Knowing that any ordered ring $A \neq \{0\}$ is infinite, can I say that if an ordered ring is finite, it must be $\{0\}$ ?
By this result - If an ordered ring $A$ has an upper bound, does it have to have a lower bound? - a ring with an upper bound or a lower bound is finite.
Then, to show that if ordered ring $A$ has upper or lower bound, then $A = \{0\}$, I just have to say that:
Upper or lower bound implies upper AND lower bound which means ring is finite. Ring is finite, so, by my first paragraph, it must be {0}
Is this right?
Let's suppose that the ordered ring $A$ has an upper bound (an element greater or equal than any other element in $A$) and that $A$ is not trivial.

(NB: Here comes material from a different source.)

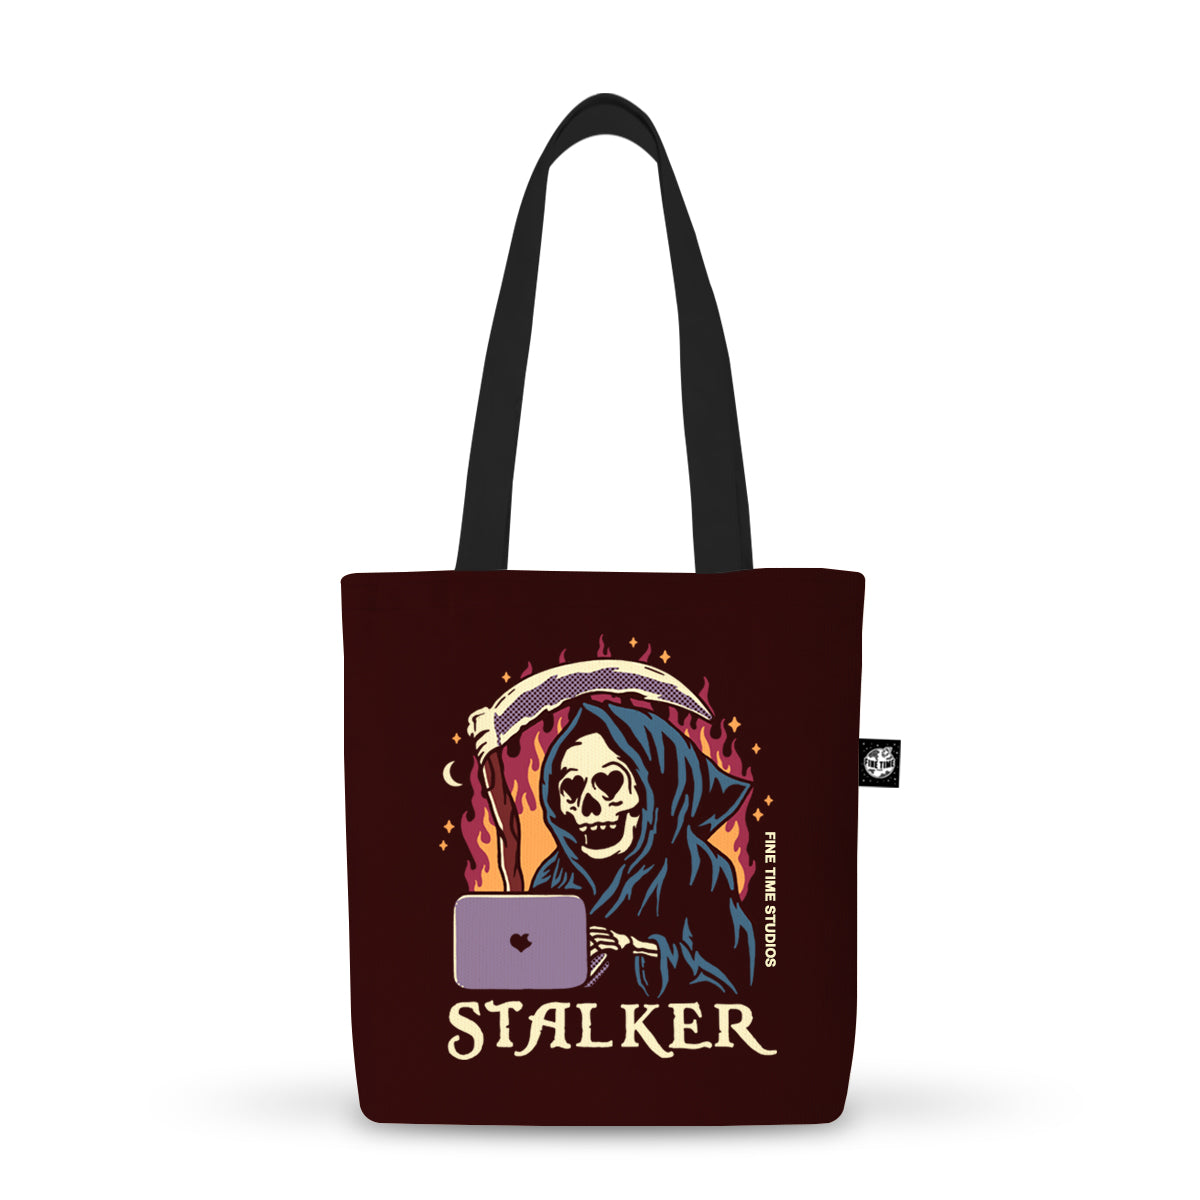 Stalker Tote Bag

Then there exist $a\in A$ such that $a\neq 0$. If $a>0$, then $0$ is not the upper bound. If $a<0$, then $-a>0$ so by the same reasoning, $0$ is still not the upper bound.
Let $u$ be the upper bound of the ring $A$. We know that $u>0$. This implies that $u+u>u$ because the order relation $>$ has to be compatible with addition. But this contradicts the fact that $u$ is the upper bound because we have found a greater element in the ring $A$.
This proves that the ordered ring has to be trivial if it has an upper bound.